The plating operations performed at Boeing include hard chromium, cadmium, copper, nickel, tin and Alodine (an aluminum chromate conversion coating). The company also does stainless passivation, black oxiding, pickling, magnesium dichromate and Nital etch at this facility.
Eighty process tanks are situated on four parallel process lines in a special configuration developed by Walgren Co., Grand Rapids, Michigan. It is a primary supplier to Boeing and was selected to design and build the lines following the successful start-up of phosphoric acid anodizing lines at Boeing's helicopter assembly facility in Philadelphia, Pennsylvania.
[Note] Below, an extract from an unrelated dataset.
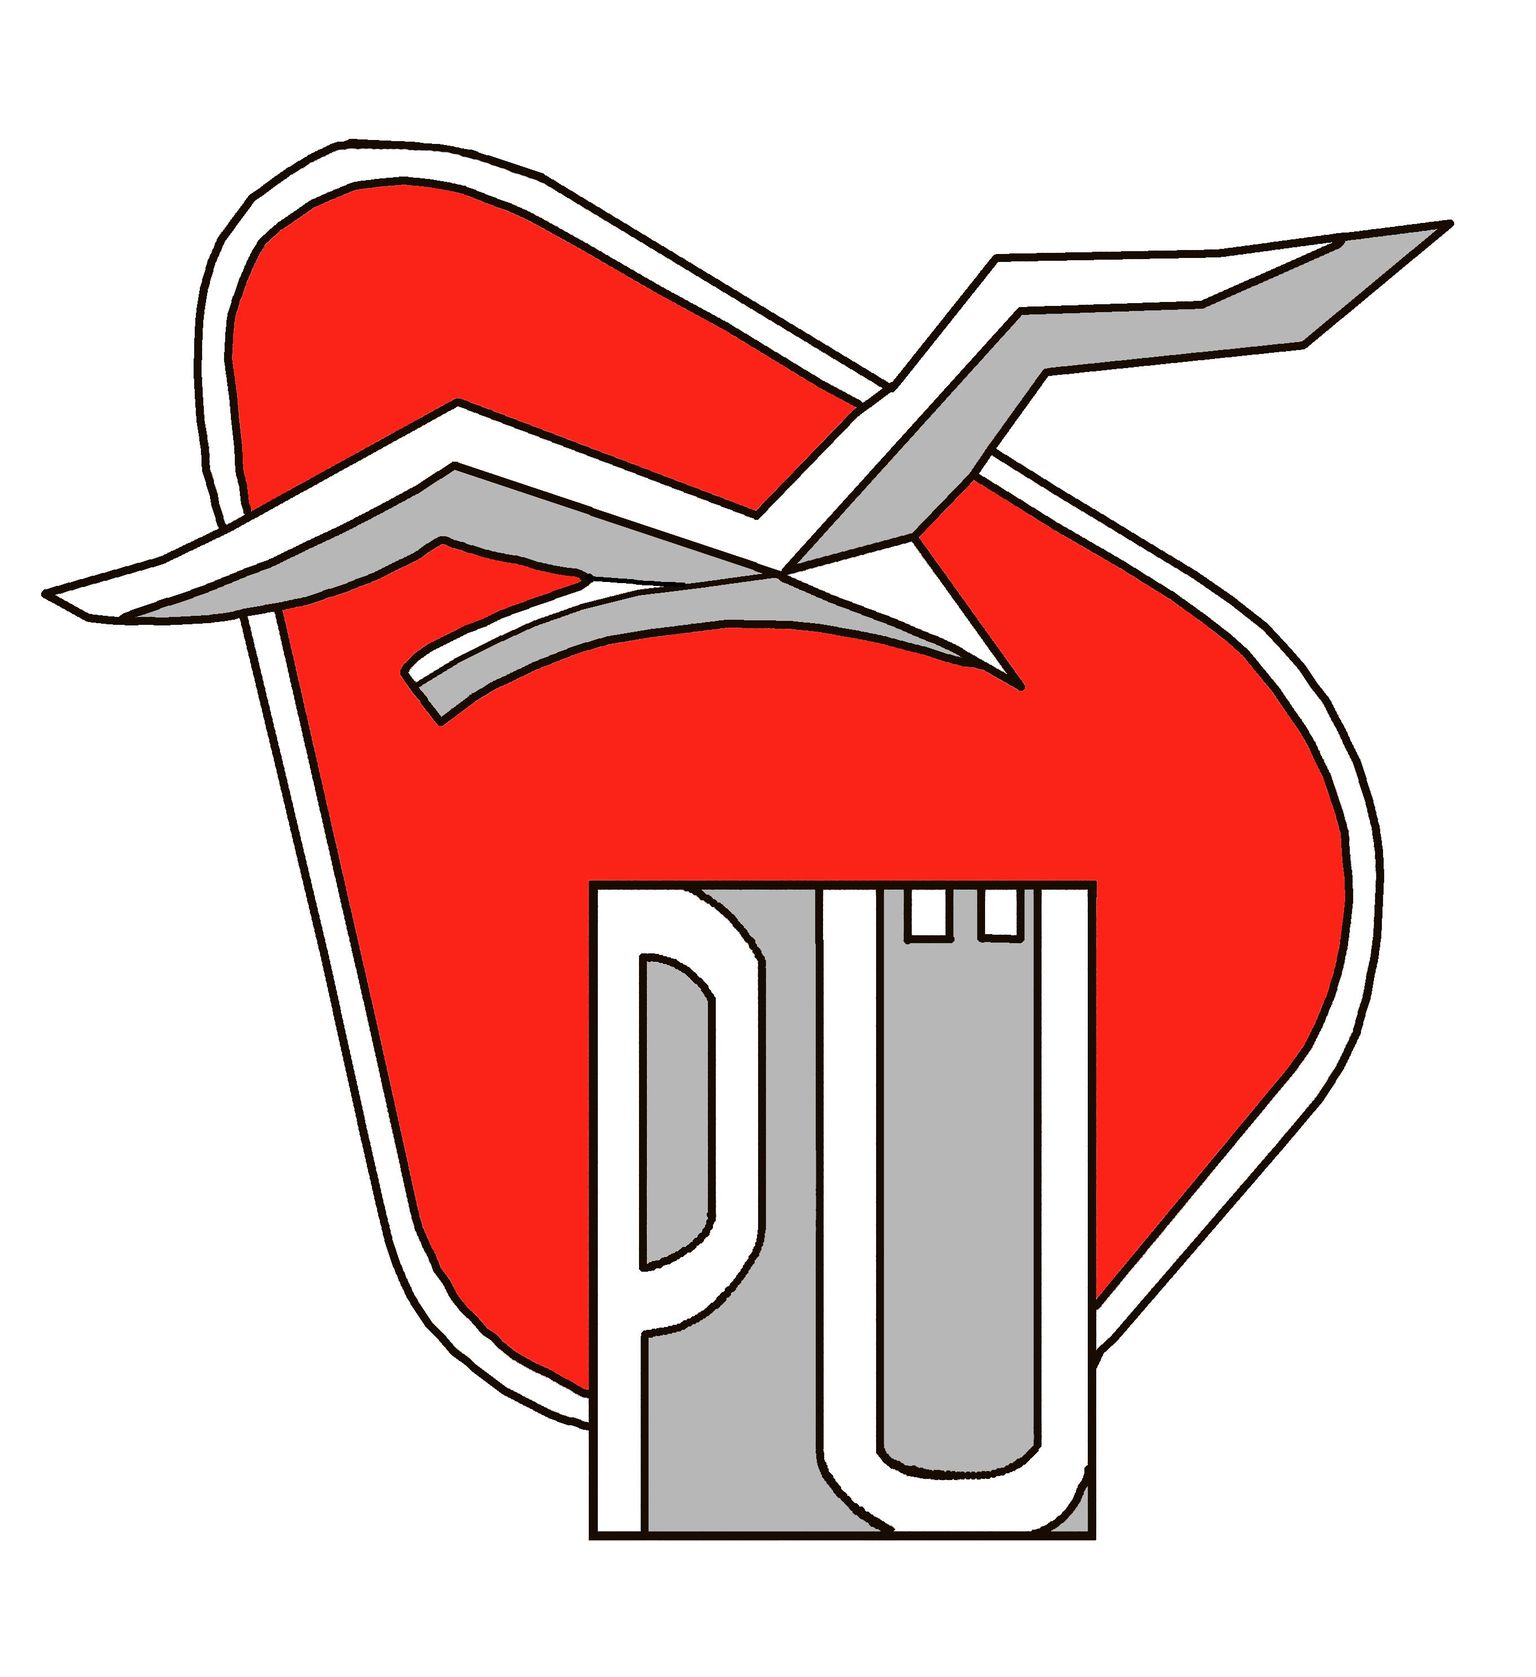 Pärnu ühisgümnaasiumi logo.

Currently, the Philadelphia facility is installing its second line.
The system designer fabricated 15 stainless-steel tanks for black oxiding, paraffin masking and other uses. The remaining 65 tanks, all high-strength one-inch polypropylene, were manufactured by Tri-Mer Corp., Owosso, Michigan.
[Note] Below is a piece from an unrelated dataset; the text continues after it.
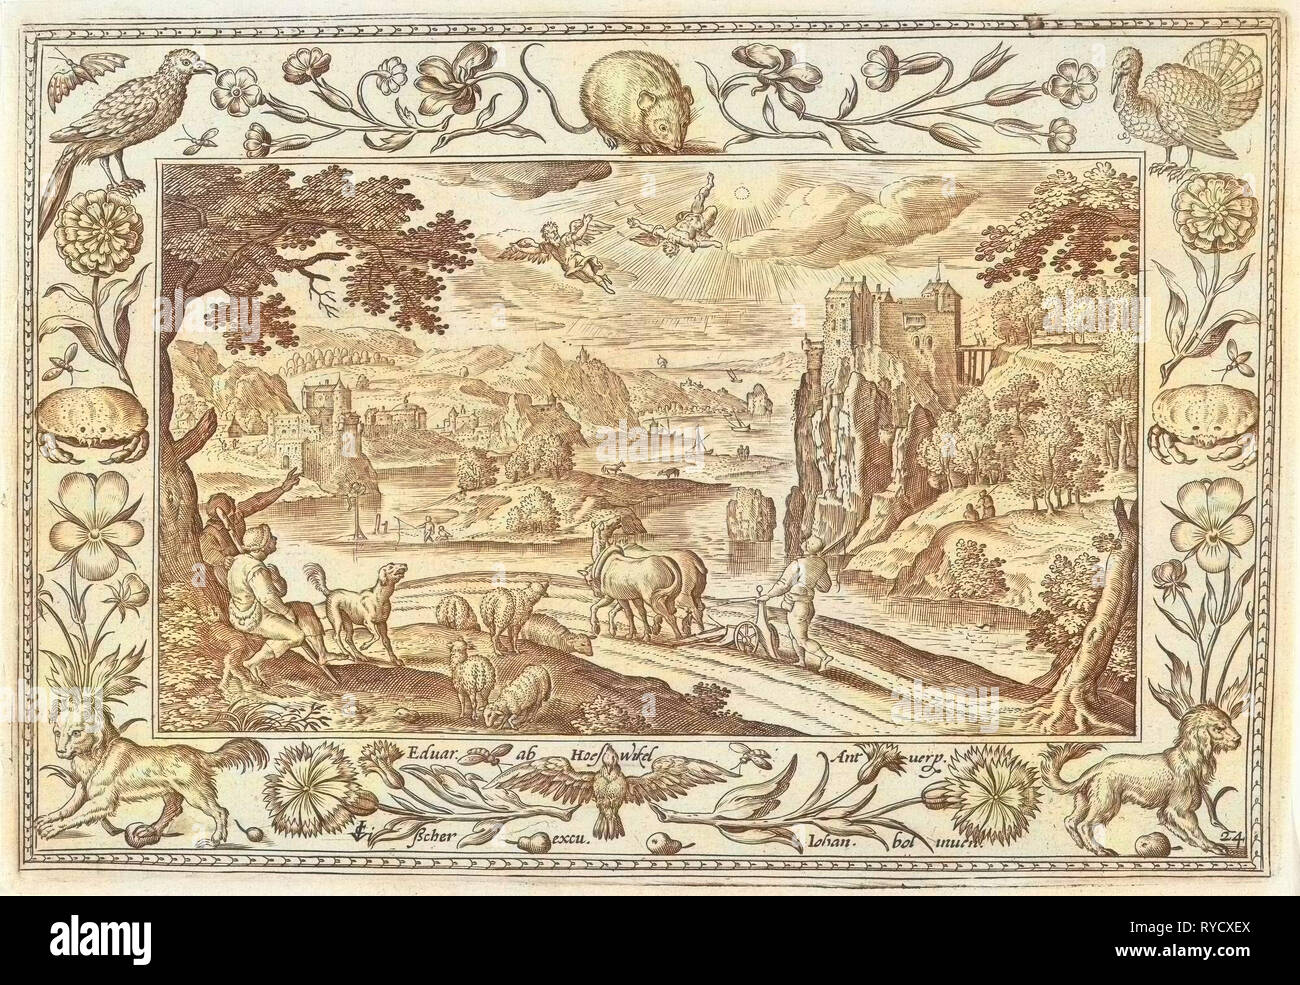 Fall of Icarus, Adriaen Collaert, Claes Jansz. Visscher (II), Eduwart van Hoeswinckel, 1584 - 1618 Stock Photo

Included in the tank manufacturing process are programmable, high-temperature, high-pressure extrusion welding devices that create maximum corner and seam strength. Also included is a fabrication protocol that eliminates corner welds and structural compromising areas, a plating system that distributes mechanical stresses with exceptional uniformity and a structural support cradling that eliminates distortion from even the largest tanks.
The tank manufacturer's responsibilities for the Boeing program also included the design and manufacture of individual tank hoods, ventilation and ducting. The engineering of the ventilation system was particularly challenging due to numerous construction obstacles and its siting on a specially constructed mezzanine. Ducting was manufactured from one-quarter-inch PVC. Walgren designed and built the system's in-tank air agitation, tank heating systems and cooling and filtration devices.
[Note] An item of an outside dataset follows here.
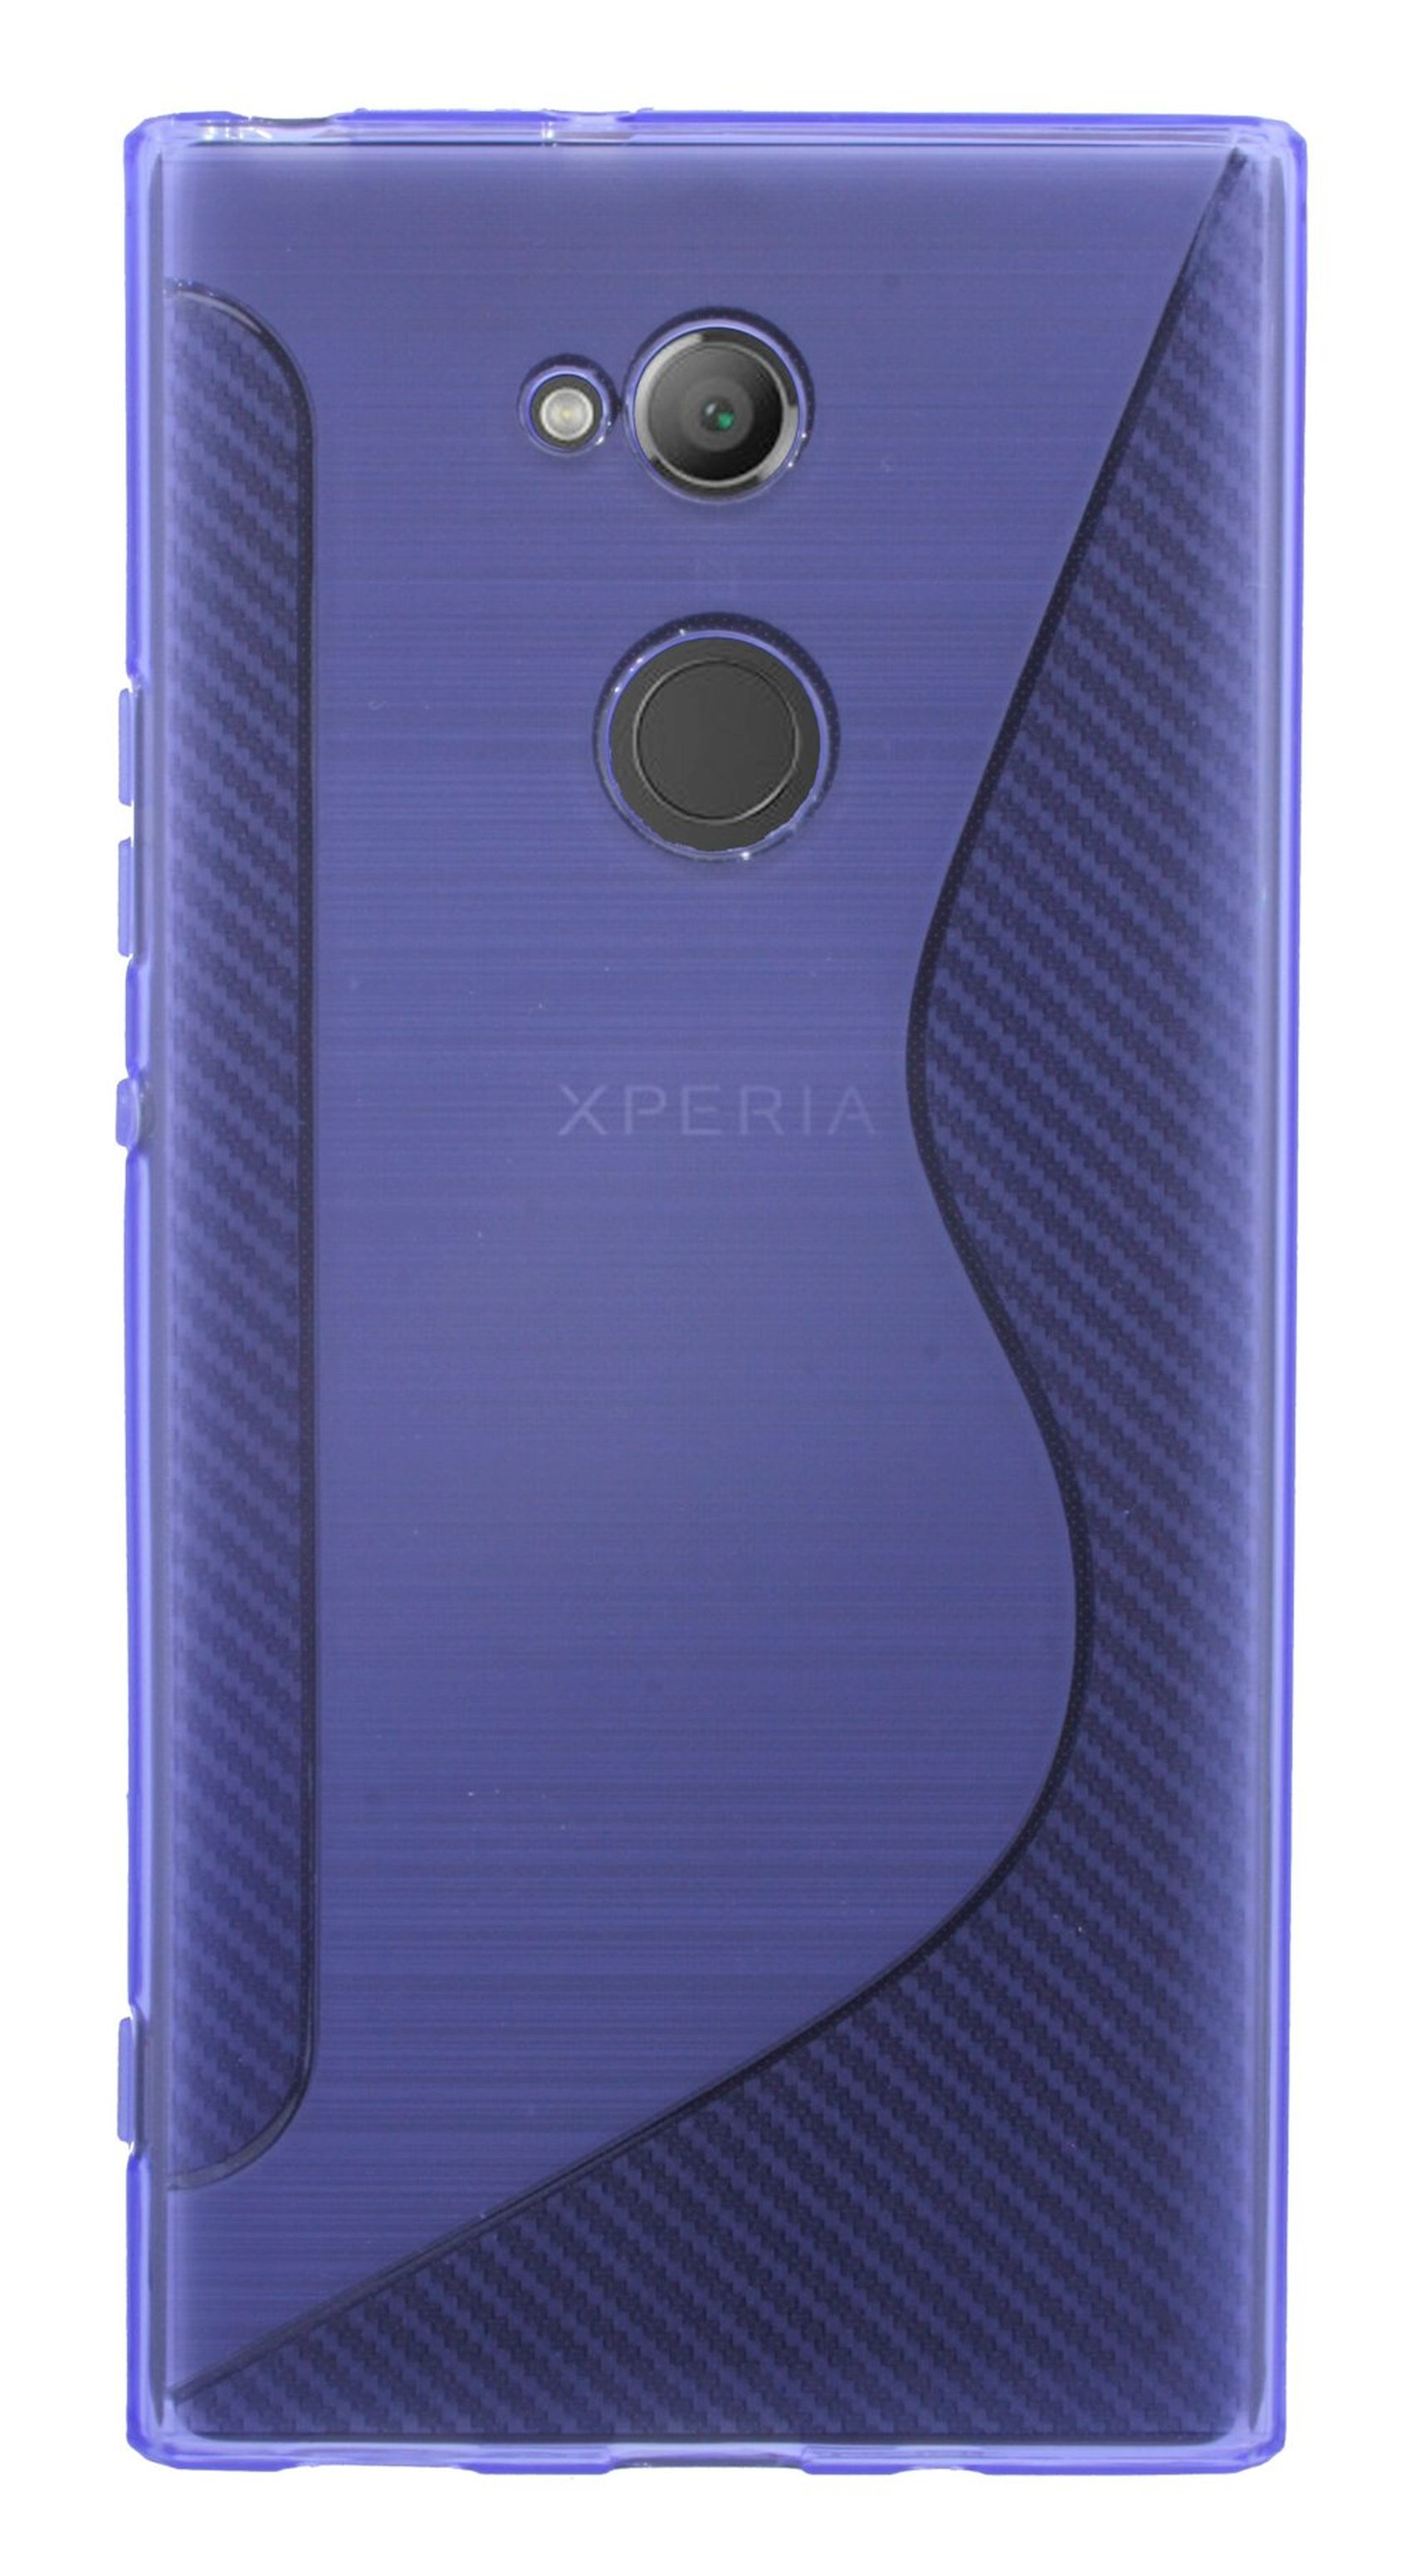 COFI S-Line Cover, Bumper, Sony, Violett Xperia XA2

The five scrubber systems that serve Boeing's four process lines were engineered and built by the tank manufacturer. The scrubber system has an 11,800-cfm CE-140 chromium eliminator that exclusively handles chromium emissions. This all-mechanical system consistently removes both hexavalent and trivalent chromium particulates without chemicals. It is 99 to 99.9 pct efficient, regardless of the input loading, and comfortably meets the 0.006 mg/amp/hr chromium emission maximum established by EPA.
The chromium eliminator is special because it has no internal moving parts to wear or replace and continuously recovers chromium from both the gas stream and the filter. Its dispersion media filter can be reused indefinitely. Water requirements for the chromium eliminator are low. Average consumption is 15 gph in a 20,000-cfm unit.
The remaining Boeing scrubbers are Crossflows in capacities ranging from 18,000 to 36,000 cfm. These units scrub all major inorganics. Stack emissions are maintained at low ppm regardless of the input concentration. One reason for the system's high performance is an accelerated liquid recirculation system, which creates intense, continuous contact between the scrubbing liquid and contaminant.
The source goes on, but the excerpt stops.